How to avoid huge overhead of single-threaded NumPy's transpose?
Asked Answered
K

1

5

I currently encounter huge overhead because of NumPy's transpose function. I found this function virtually always run in single-threaded, whatever how large the transposed matrix/array is. I probably need to avoid this huge time cost.

To my understanding, other functions like np.dot or vector increment would run in parallel, if numpy array is large enough. Some element-wise operations seems to be better parallelized in package numexpr, but numexpr probably couldn't handle transpose.

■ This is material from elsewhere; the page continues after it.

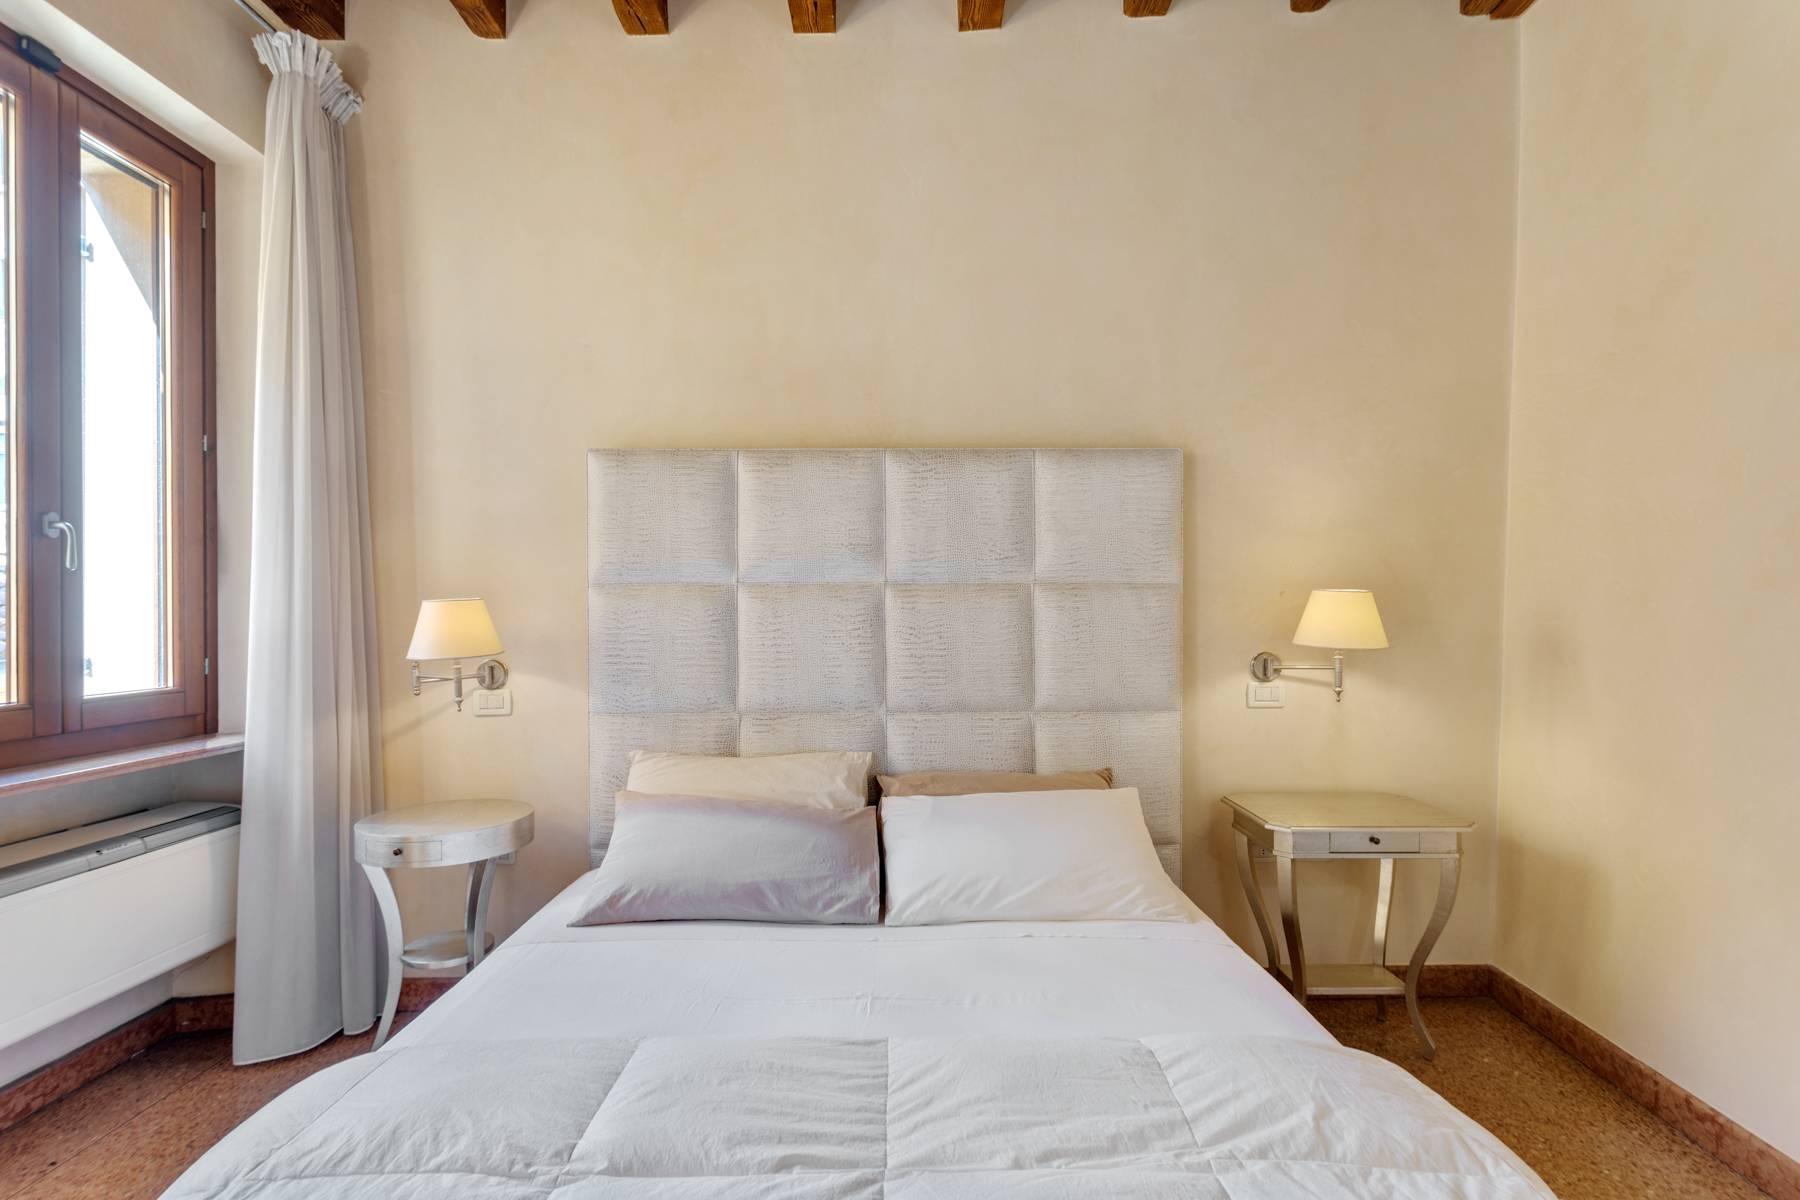 Appartamento in Vendita a Verona: 3 locali, 55 mq - Foto 12

I wish to learn what is the better way to resolve problem. To state this problem in detail,

  • Sometimes NumPy runs transpose ultrafast (like B = A.T) because the transposed tensor is not used in calculation or be dumped, and there is no need to really transpose data at this stage. When calling B[:] = A.T, that really do transpose of data.
  • I think a parallelized transpose function should be a resolution. The problem is how to implement it.
  • Hope the solution does not require packages other than NumPy. ctype binding is acceptable. And hope code is not too difficult to use nor too complicated.
  • Tensor transpose is a plus. Though techniques to transpose a matrix could be also utilized in specific tensor transpose problem, I think it could be difficult to write a universal API for tensor transpose. I actually also need to handle tensor transpose, but handling tensors could complicate this stackoverflow problem.
  • And if there's possibility to implement parallelized transpose in future, or there's a plan exists? Then there would be no need to implement transpose by myself ;)

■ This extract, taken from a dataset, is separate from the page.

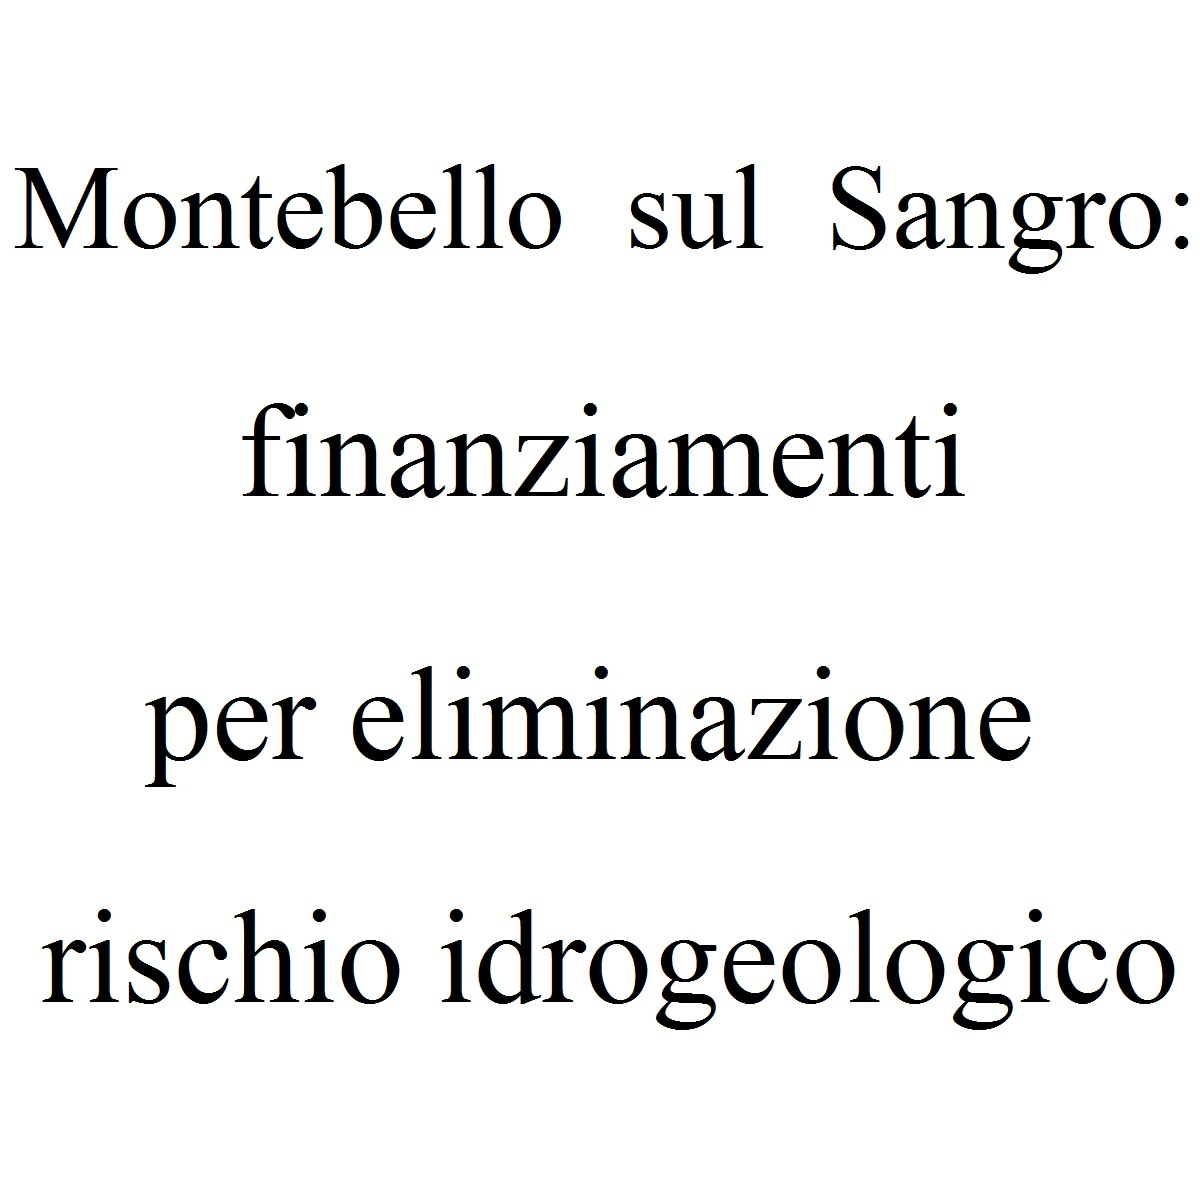 Montebello sul Sangro finanziamenti per eliminazione rischio idrogeologico foto

Thanks in advance for any suggestions!


Current workarounds

Handling a model transpose problem (size of A is ~763MB) on my personal computer in Linux with 4-cores available (400% CPU in total).

A = np.random.random((9999, 10001))
B = np.random.random((10001, 9999))
D = np.random.random((9999, 10001))

The current workarounds seems not to be effective enough. Generally, it should see about 3x~4x speedup if fully parallelized on a 4-core CPU, but the code I've written only gains about 1.5x.

Baseline: Naive Transpose (~255 ms)

B[:] = A.T   # ~255 ms, time for transpose
D[:] = A[:]  # ~ 65 ms, time for coping data

It's intersting to find that if A is 10000 * 10000 square matrix, then transpose time will be increased to ~310ms. I don't know what happens here. Even the time cost of C/ctypes binding function will be affected (slower) if matrix is square.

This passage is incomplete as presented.